Her boyfriend turns up with a can of beer in one hand and a glass of red in the other as she’s putting her number in my phone. He looks at me briefly as though he’d like to put my head through the window until she explains who I am. He shakes my hand; we talk about the pointlessness of University and the subject of journalism for ten minutes while she stands looks vacant.
00:44
My brain tells me it’s time to text people, so I do. Including:
‘Pisedfed u fity xxx’
‘______ yoourt A CUNNNNNNNNNNNNNT”
‘THISD IS SPOARTA!!!!!’
I still don’t know why.
01 : 02
Some dismal noise with very few lyrics and a consistent beat is thudding and I’m vaguely aware that I’m dancing to it. Over the heads of the people dancing through the open door I see the unconscious birthday boy being carried upstairs.
01 : 46
The boyfriend of the sister of the guy whose party it is attempts conversation but I can’t understand a word he says in his thick Cockney accent. Nodding and shouting yes at intervals gets me through.
02: 16
A man I recognise as a friend of Farves puts a bottle of whiskey in my hand and orders that I’m not allowed to go home until I’ve emptied the bottle, no excuses.
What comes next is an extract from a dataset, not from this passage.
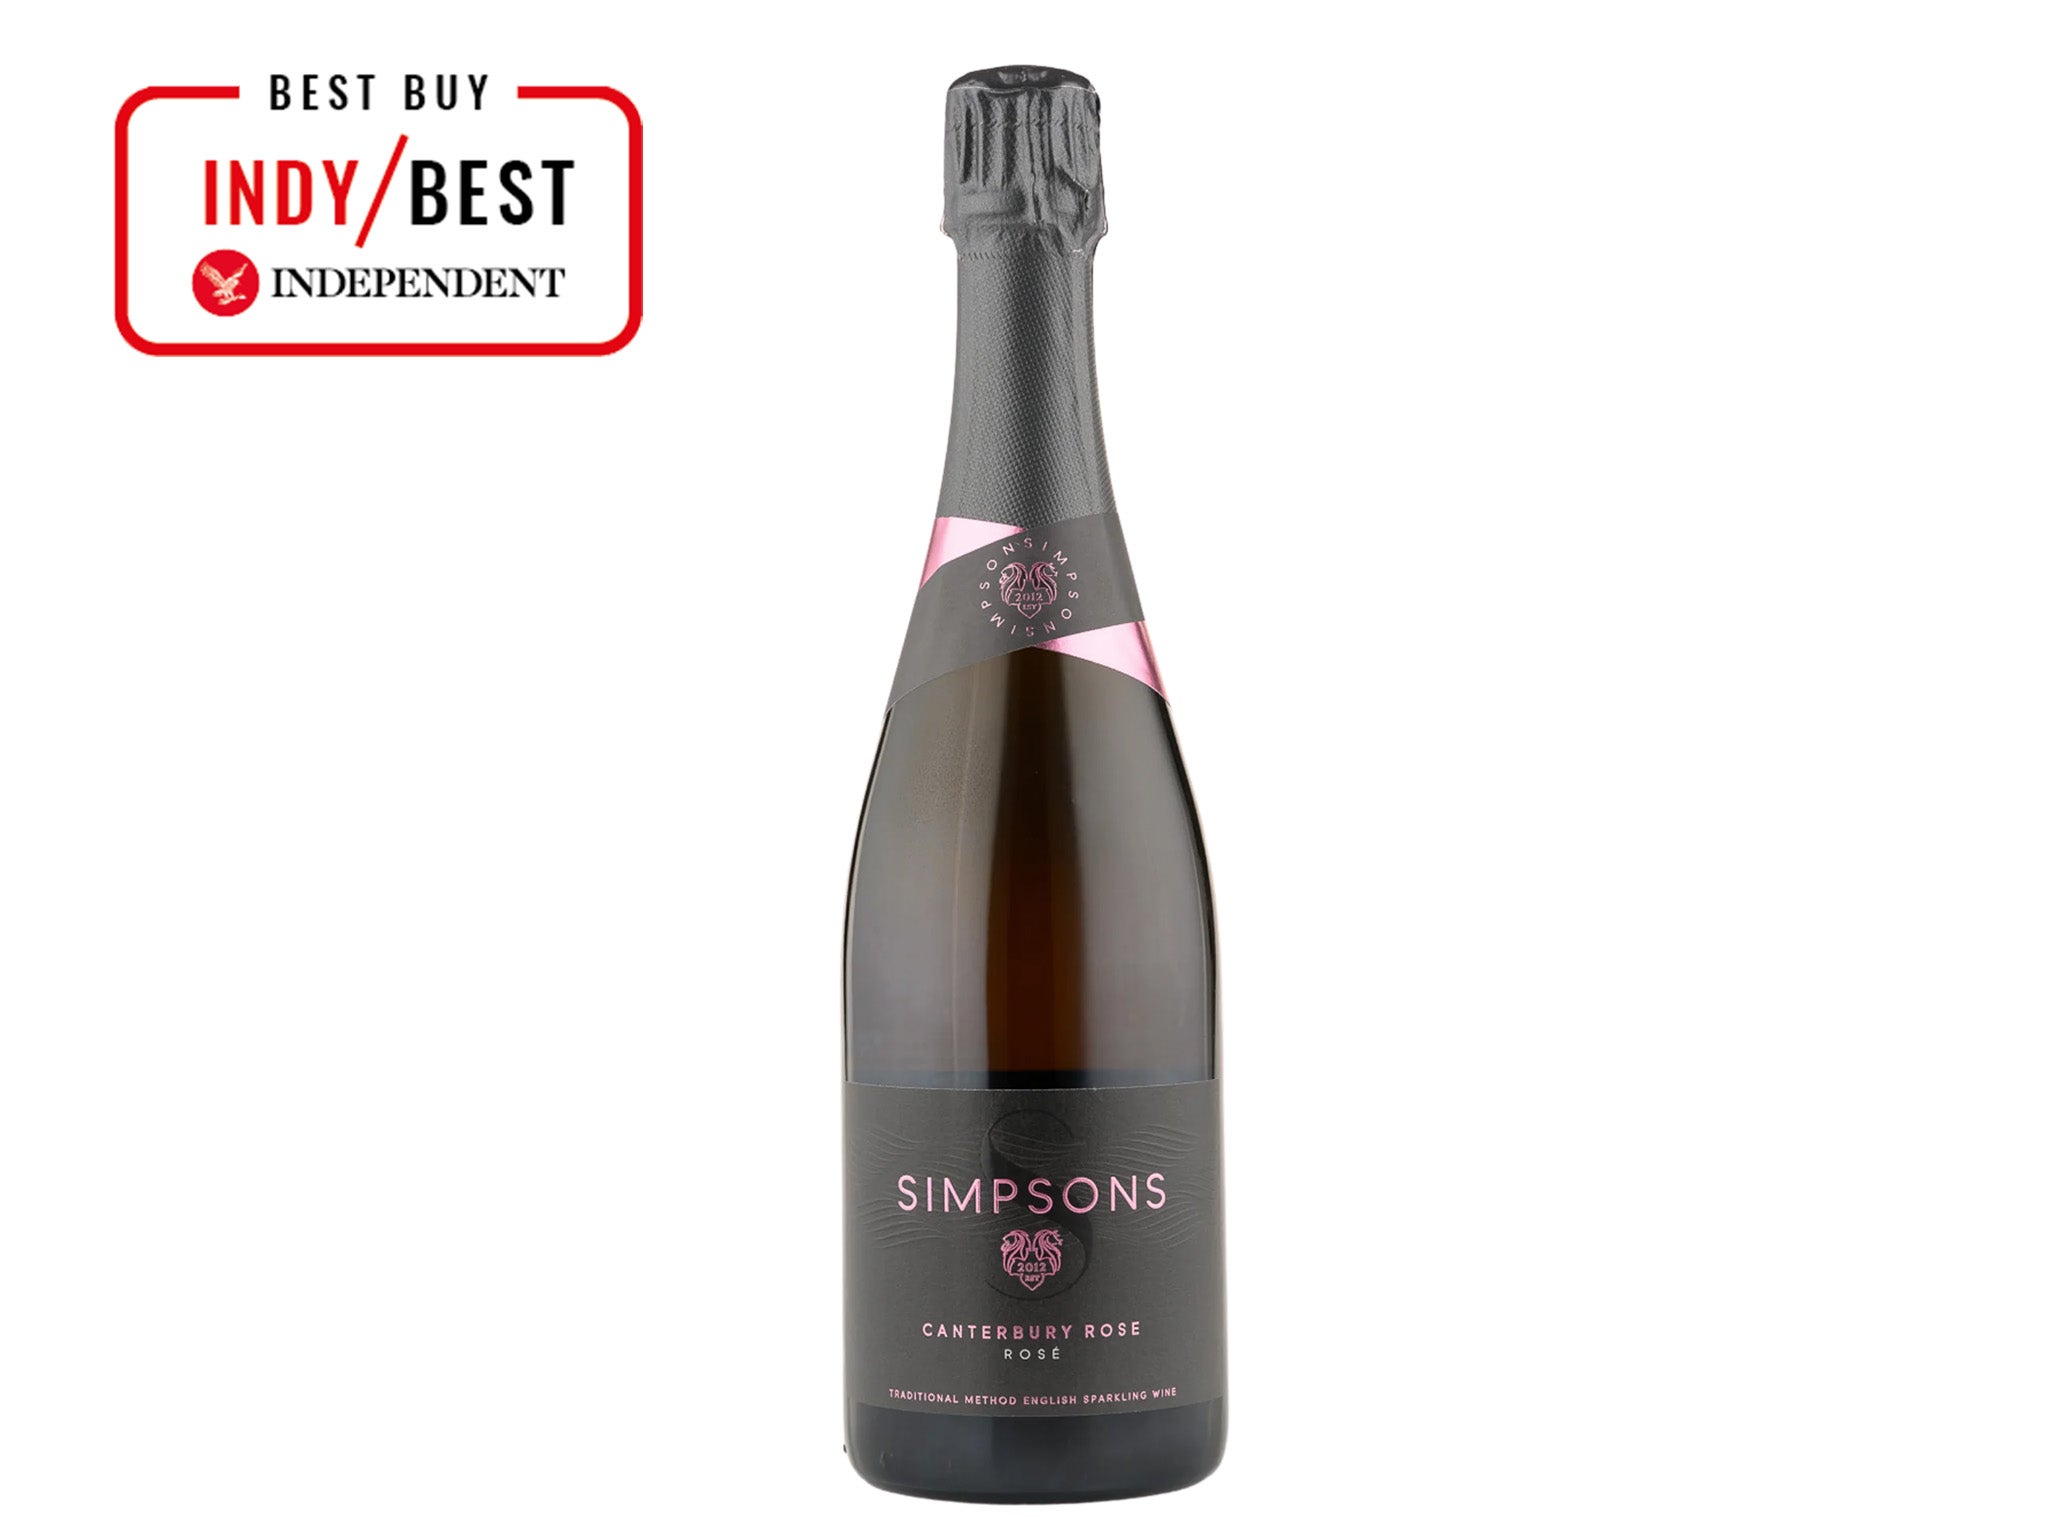 Simpsons wine estate canterbury rosé 2019

I tell him I don’t like Whiskey and reach for a glass.
02 : 45
The Whiskey Nazi asks three times why I’ve not finished the bottle yet. I hide the half full bottle behind a plant and stand half listening while he tells me how proud Muv and Farve are of me.
03 : 13
I utter to a strange girl I happen to be dancing with that I’m ‘fucked’, before I lose any last glimmerings of self-control and the world fades.
11 : 00
A pair of grey skinnies, the knees stained, lie tossed on the hard wood floor, a fitted black polo tee stinking of booze and smoke haphazardly thrown onto the desk, a shoe rests uselessly on the windowsill next to half a bottle of wine.
An eye opens. My body regains its feeling. The screaming begins.